And printf , Map , Seq and contending for your global mutable Inc . 并且printf ， Map ， Seq和争夺你的全球可变Inc 。 And you're leaking heap-allocated stack frames. 而且你正在泄漏堆分配的堆栈帧。 In fact, only a small proportion of the time taken to run your benchmark has anything to do with MailboxProcessor . 实际上，运行基准测试所花费的时间只占用于邮箱MailboxProcessor一小部分时间。

But is this really the expected performance? 但这真的是预期的表现吗？

I am not surprised by the performance of your program but it does not say much about the performance of MailboxProcessor . 我对你的程序的性能并不感到惊讶，但它并没有说明MailboxProcessor的性能。

From reading both MSDN and various blogs on the MailboxProcessor I have gotten the idea that it's to be a kin to erlang actors, but from the abyssmal performance I am seeing this doesn't seem to hold true in reality? 通过阅读MSDN和MailboxProcessor上的各种博客，我已经认识到它将成为erlang演员的亲戚，但从我看到的深渊表现来看，这在现实中似乎并不成立？

The MailboxProcessor is conceptually somewhat similar to part of Erlang. MailboxProcessor在概念上有点类似于Erlang的一部分。 The abysmal performance you're seeing is due to a variety of things, some of which are quite subtle and will affect any such program. 你所看到的糟糕表现是由于各种各样的事情，其中一些是相当微妙的，并将影响任何这样的程序。
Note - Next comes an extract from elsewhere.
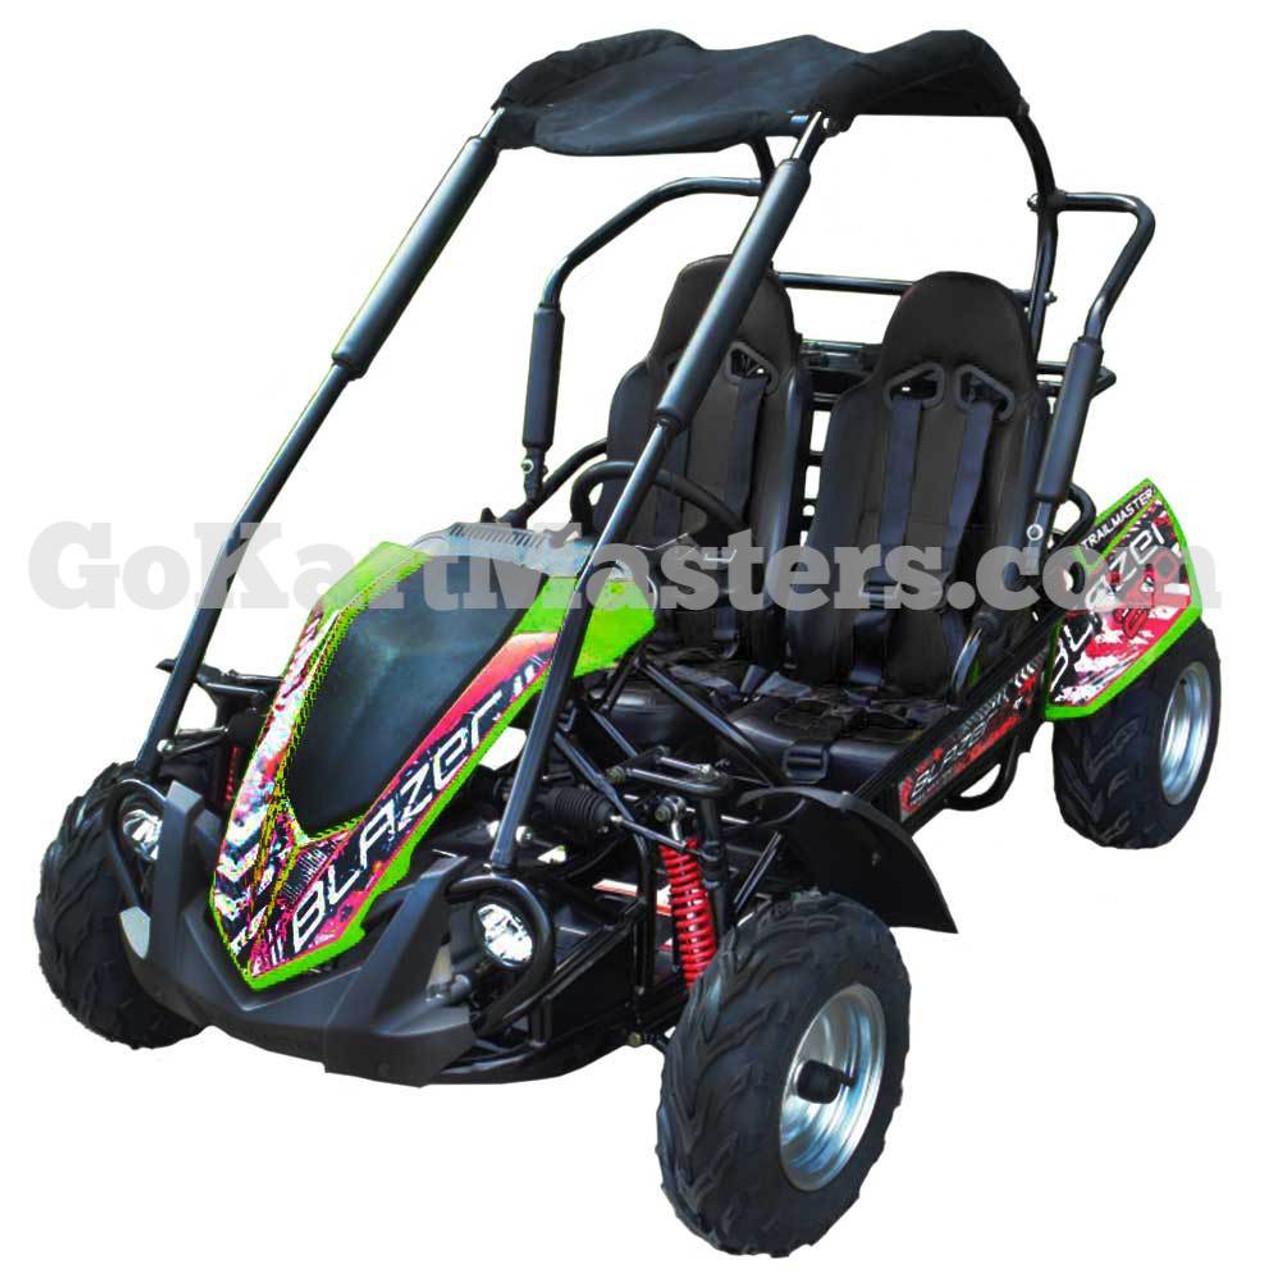 TrailMaster Blazer 200R Go Kart w/ Reverse - Green

So my question is here, am I doing something wrong? 所以我的问题在这里，我做错了吗？

I think you're doing a few things wrong. 我觉得你做错了几件事。 Firstly, the problem you are trying to solve is not clear so this sounds like an XY problem question. 首先，你试图解决的问题不明确，所以这听起来像一个XY问题。 Secondly, you're trying to benchmark the wrong things (eg you are complaining about microsecond times required to create a MailboxProcessor but may intend to do so only when a TCP connection is established which takes several orders of magnitude longer). 其次，您正在尝试对错误的事情进行基准测试（例如，您正在抱怨创建MailboxProcessor所需的微秒时间，但可能只在建立TCP连接时才会这样做，这需要花费几个数量级的时间）。 Thirdly, you have written a benchmark program that measures the performance of some things but have attributed your observations to completely different things. 第三，你已经编写了一个基准程序来衡量一些事情的表现，但是把你的观察结果归结为完全不同的事情。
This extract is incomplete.